The YouCook2 dataset (Zhou et al., 2018b) consists of 2,000 instructional cooking videos from YouTube. The videos were separated into a 67-23-10 training-validation-testing split and categorized by humans into one of 89 recipe types (e.g., spaghetti and meatballs). Videos were segmented by human annotators into clips representing recipe steps, and each clip was annotated with a text summary of the recipe step. As in prior work (Miech et al., 2019), we evaluate on the validation clips because the test set does not contain text annotations. Following Miech et al. (2019), we use 9,586 training clips and 3,350 validation clips.

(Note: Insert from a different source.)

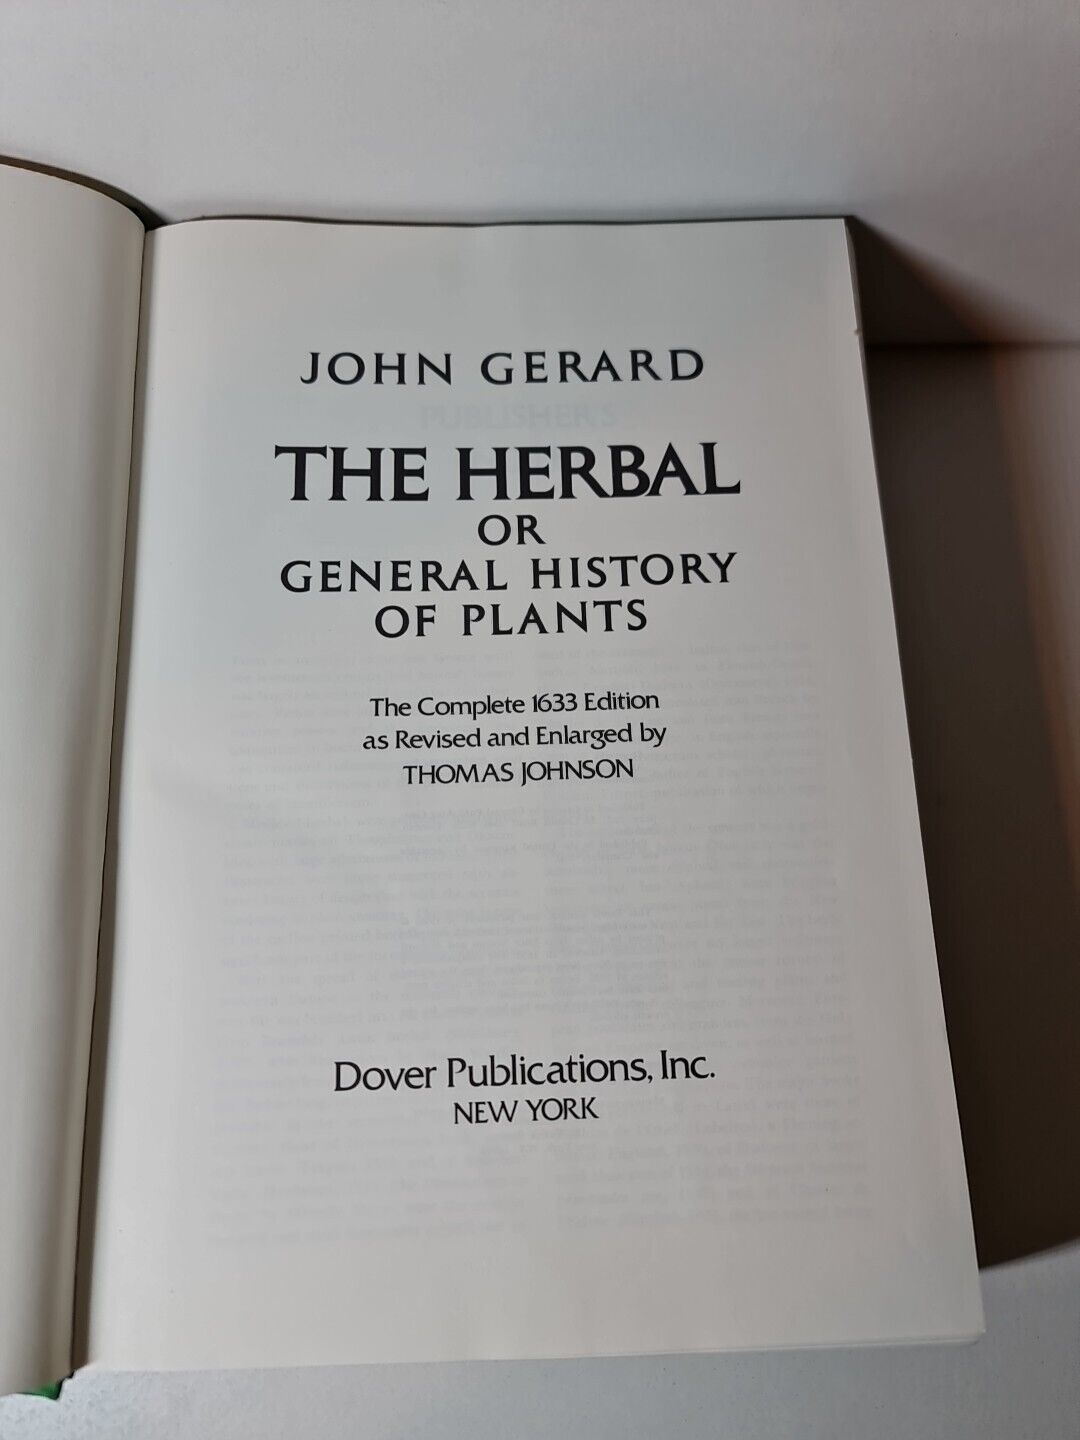 The Herbal by John Gerard (2003)
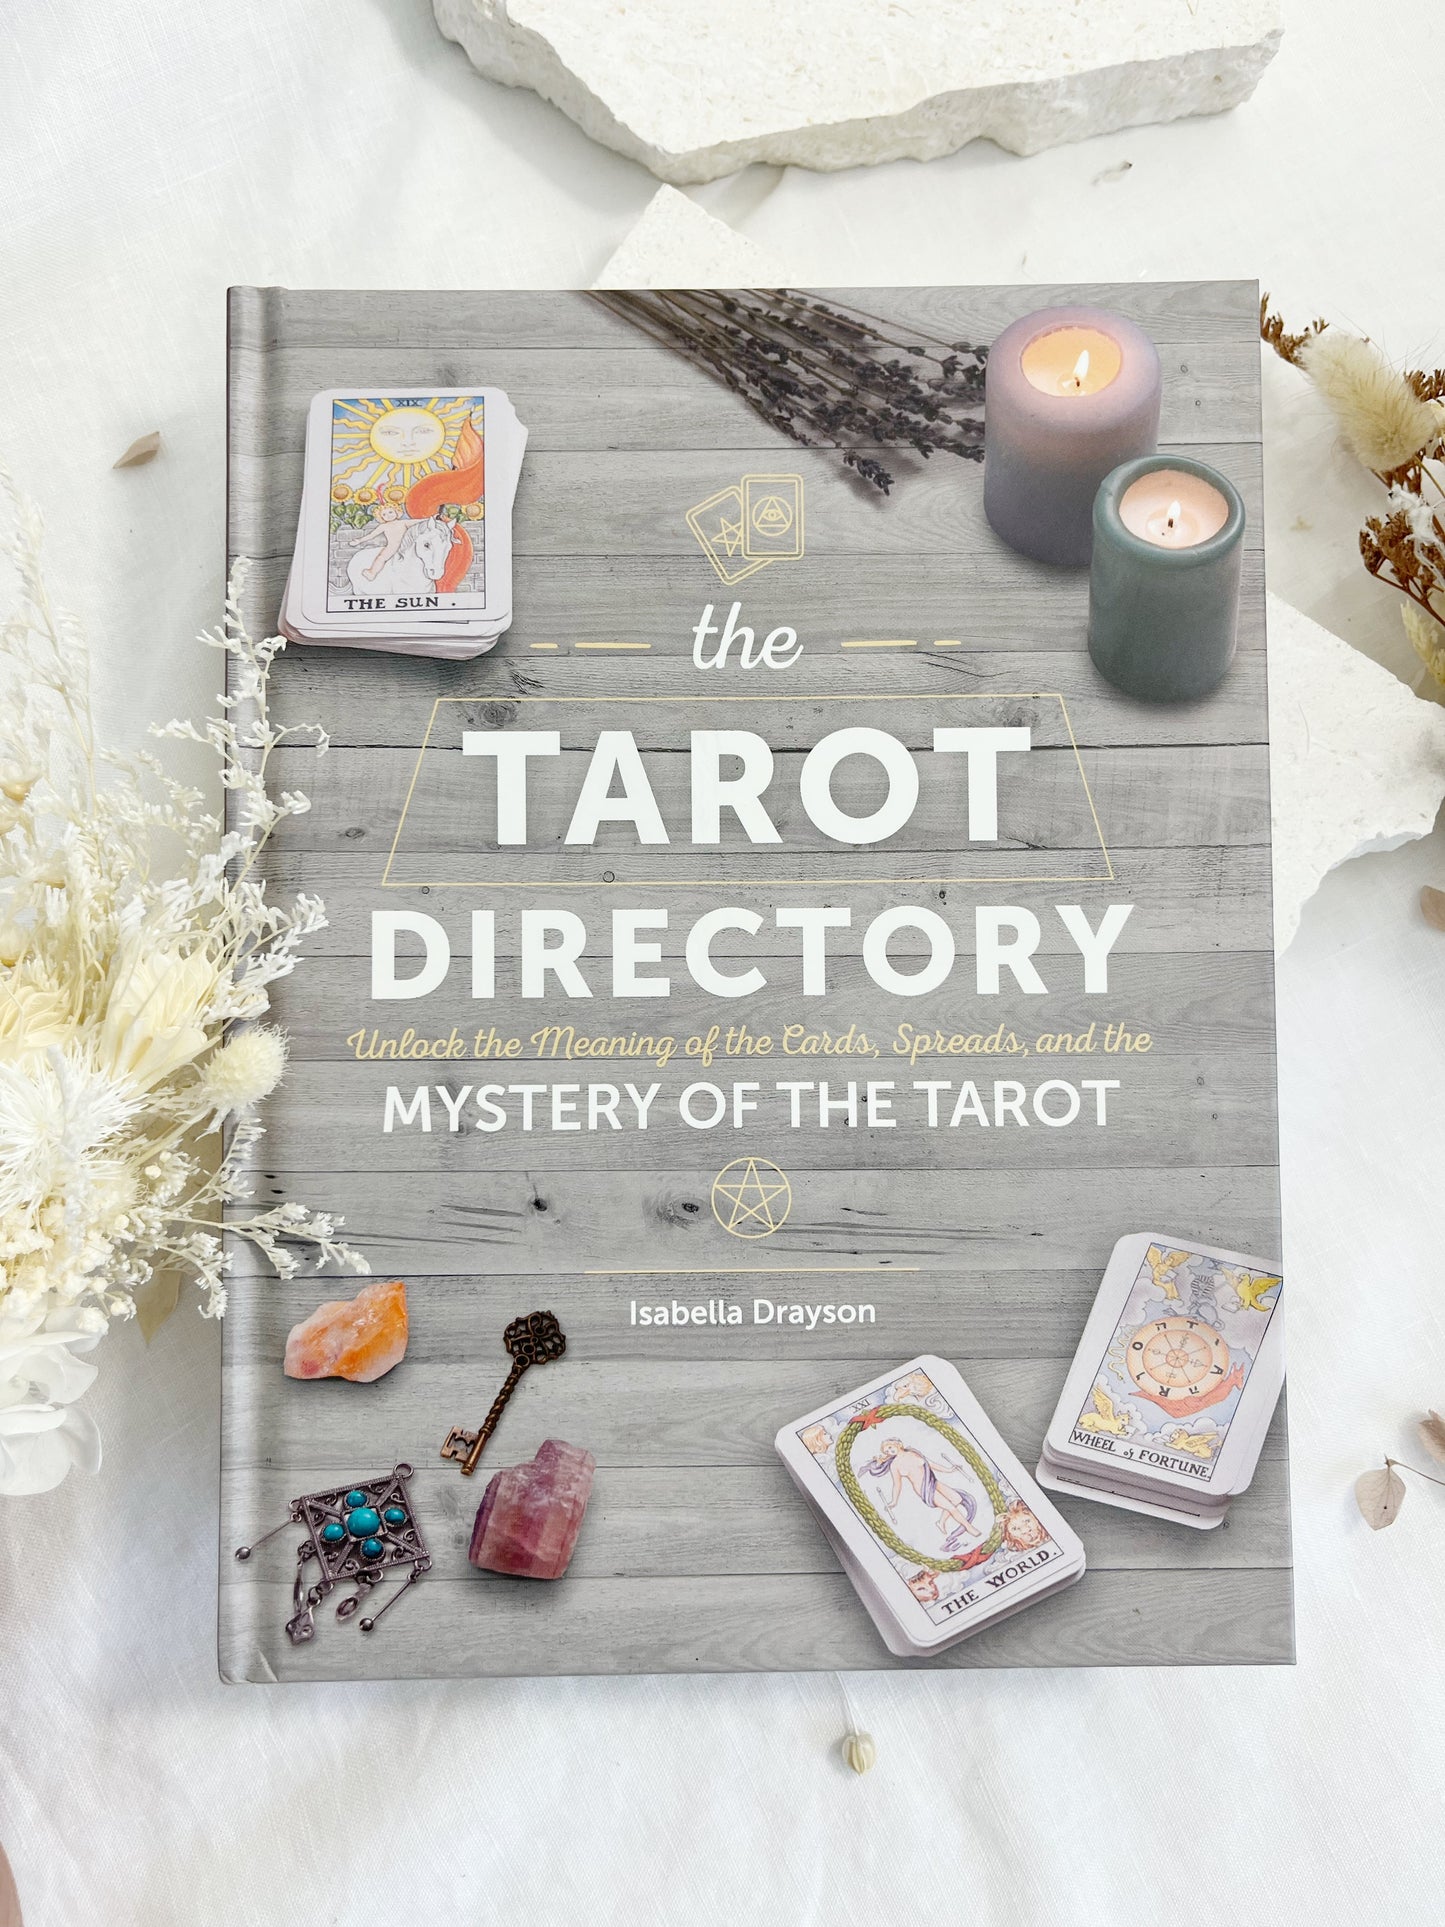 THE TAROT DIRECTORY | ISABELLA DRAYSON

The MSR-VTT (Xu et al., 2016) dataset consists of YouTube videos from categories such as music and sports that are not necessarily instructional. Videos were segmented into video clips by human annotators and annotated with 20 natural language sentences each. At the time of download, 5,722 videos were available, resulting in 7,751 video clips. We train our model on 6,783 training clips and evaluate on 968 audio containing test clips of the 1,000 test clips used in prior work (Yu et al., 2018; Miech et al., 2019). For consistency, we count the 32 test clips without audio as mistakes in our retrieval calculations.
The LSMDC dataset (Rohrbach et al., 2017) consists of movies with audio description (AD) — audio descriptions of movie scenes for viewers with visual impairments. The movies were split into video clips corresponding to scenes with AD narration, and each clip is annotated with the text transcript of the AD narration. Following Miech et al. (2019), we use 101,079 training clips and 1000 testing clips. We use the audio from the original movie clips; however, the audio is often silent because AD narration is inserted at breaks in dialogue. The recorded AD narrations were not available.
In Section 4.3, we analyze the video and language retrieval results of our model and show qualitative retrieval examples in Figure 2. We show additional video and language retrieval examples in Figures A1 and A2, respectively. These examples were generated using AVLnet trained on HowTo100M and fine-tuned on YouCook2. Consistent with our findings in Section 4.3, we find the recalled clips are often semantically related to the query clip.
In Section 4.5, we show AVLnet learns to relate semantically related audio and visual features to dimensions of the shared embedding space. In Figure A3, we show six additional dimensions that exhibit salient relationships between their maximally activating audio and visual segments. In particular, Figure 2(a) shows dimensions that activate on words such as ‘chicken’ and ‘egg’ and Figure 2(b) shows dimensions that actions such as ‘cut’ and ‘stir’. In Figure 2(c) we show dimensions that activate on natural sounds (e.g., sizzling and chopping) as opposed to speech.